Nesse funil que é o mercado de trabalho, é vital
ter um diferencial. Algo que os demais concorrentes não têm e que, muitas vezes,
nem mesmo o candidato sabe que tem. Caso de um amigo meu, o Edgar, que ganha a
vida como "modelo digital". Não, nada a ver com a internet. O Edgar passou anos
amargando o fato de não possuir um diferencial, até descobrir, por acaso, que
tinha dedos perfeitos. São dele alguns desses dedos que a gente vê em close nos
anúncios, segurando um cartão de crédito ou apertando as teclas de um celular.
O que não era o caso da Luana. A Luana já tinha preenchido centenas de fichas de
solicitação de emprego na vida, e nada acontecia. Porque lhe faltava um
diferencial. Ela não se diferenciava pelo currículo acadêmico, nem por algum
conhecimento técnico específico, nem pela fluência em algum idioma, nem por
nada. Era até bonitinha, é verdade, mas não a ponto de considerar isso "um
diferencial".
Um dia, recomendada por uma colega, a Luana foi tentar mais uma vez. Chegou ao
escritório e lá, de imediato, deram-lhe páginas e mais páginas de formulários
para preencher. Ela nunca tinha visto tanta pergunta, mas respondeu tudo, o mais
rápido possível. Quando terminou, o Waldir, funcionário do setor de
recrutamento, agradeceu a Luana por ter vindo, mas explicou, com sinceridade,
que as chances dela eram remotas: de cada 100 candidatos que preenchiam fichas,
só um era chamado para uma entrevista. E, mesmo assim, de cada dez
entrevistados, apenas um era contratado. Aquele que tinha -- o que mais? -- um
diferencial. Ou seja, fazendo uma conta simples, a possibilidade de ela ser
contratada era uma em 1 000.
Por isso, a Luana quase caiu das pernas quando, já no dia seguinte, não apenas
foi chamada para uma entrevista, mas contratada no ato. E seu primeiro dia no
novo emprego foi uma experiência inesquecível. O Waldir a apresentou a todos os
diretores e gerentes do escritório, um povo caloroso e receptivo. E quase todos
destacaram a importância de alguém, como a Luana, ter um diferencial. A Luana, é
claro, agradeceu as boas-vindas, elogiou o ambiente de trabalho e prometeu que
daria o melhor de si, mas não conseguiu entender qual era o diferencial de que
aquela gente tanto estava falando.
Até que, lá pelas 5 da tarde, a Luana resolveu ir tirar a dúvida com o próprio
Waldir. Foi à sala dele, pediu licença, entrou, sentou e, antes que pudesse
dizer qualquer coisa, o Waldir propôs:
-- Luana, quem sabe a gente podia, assim, dar uma saidinha mais tarde...
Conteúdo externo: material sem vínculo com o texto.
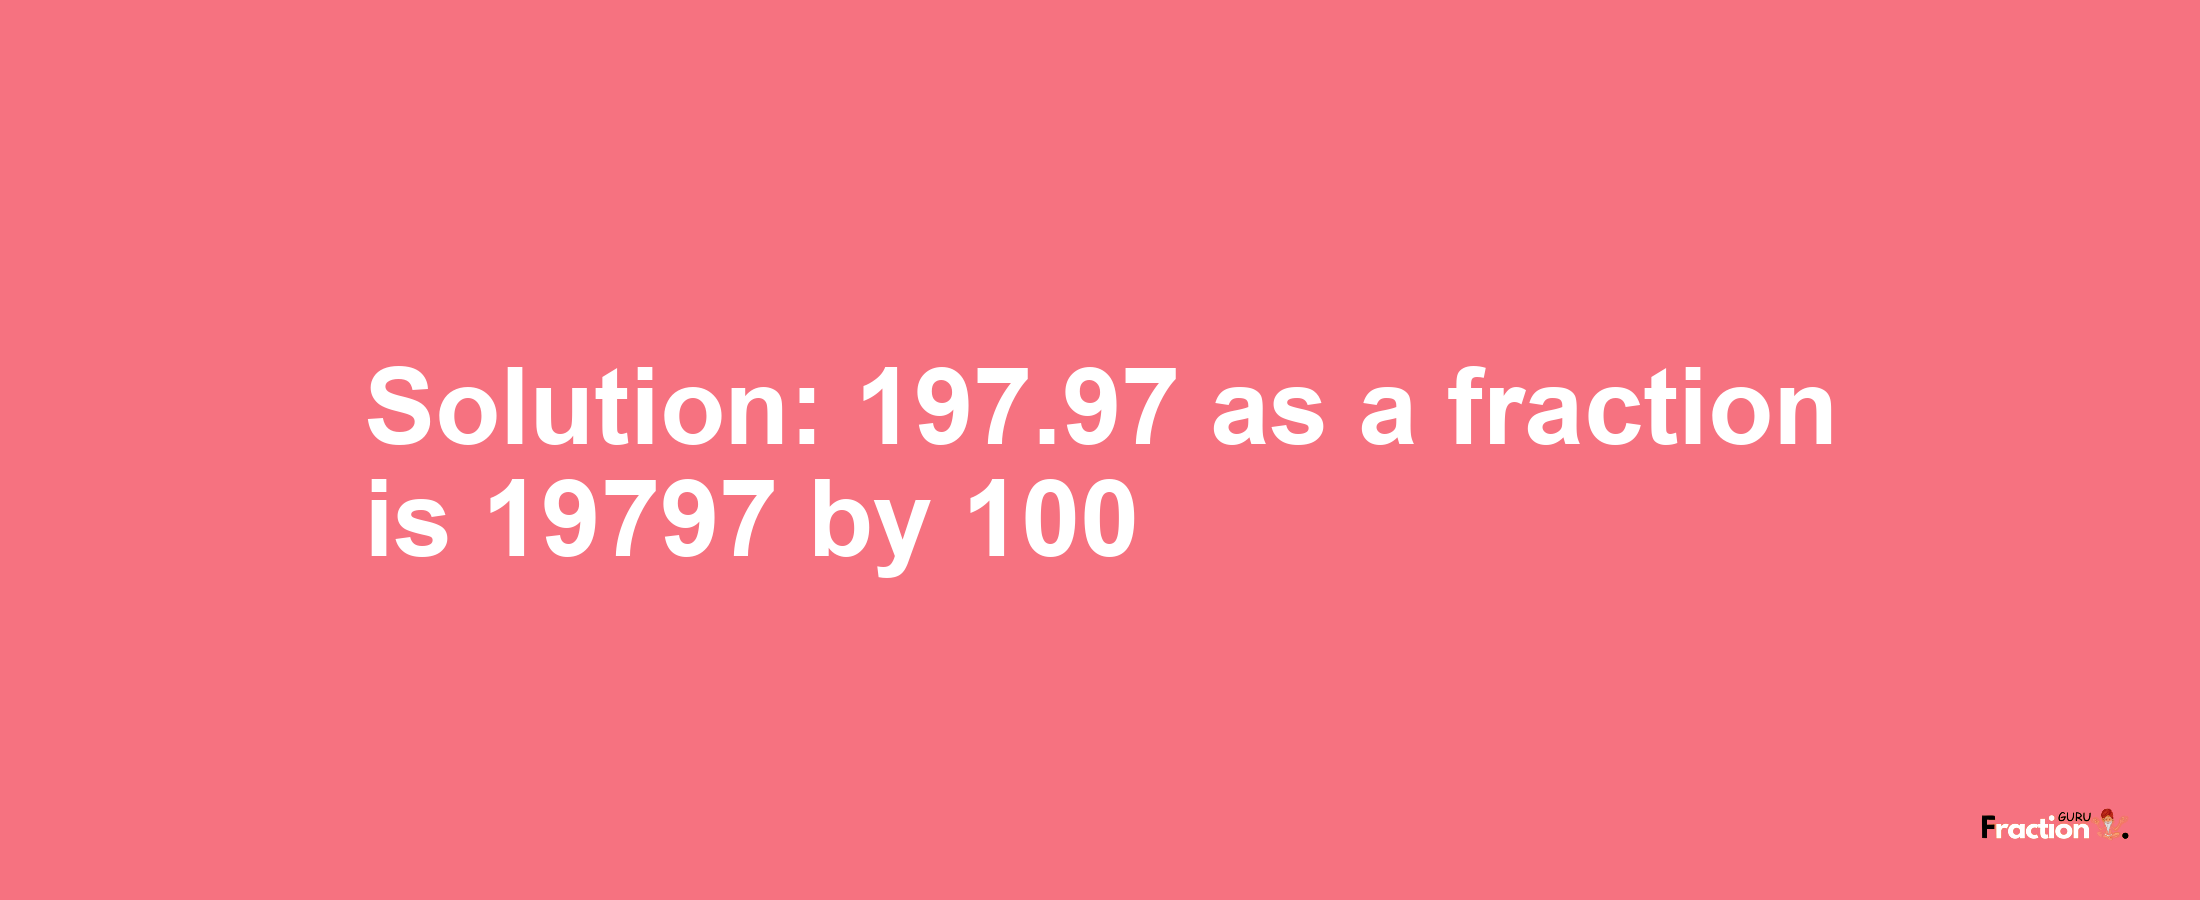 Solution:197.97 as a fraction is 19797/100

-- Como é? Que história é essa?
-- Quer dizer, se você não tiver outro compromisso...
-- Waldir, eu me sinto insultada! Fique sabendo que não admito essas liberdades!
Aí, o Waldir ficou olhando para a Luana com aquela cara de quem não estava
entendendo bem. E a Luana ali, séria, encarando o Waldir com aquela cara de quem
está entendendo bem demais. Até que, após um longo silêncio, o Waldir pegou os
formulários que a Luana tinha preenchido na véspera e apontou para um parágrafo.
E a Luana finalmente descobriu a razão de tanto interesse por seu diferencial.
Na pressa, na linha pontilhada após a palavra "Sexo", ela tinha escrito: "Sim".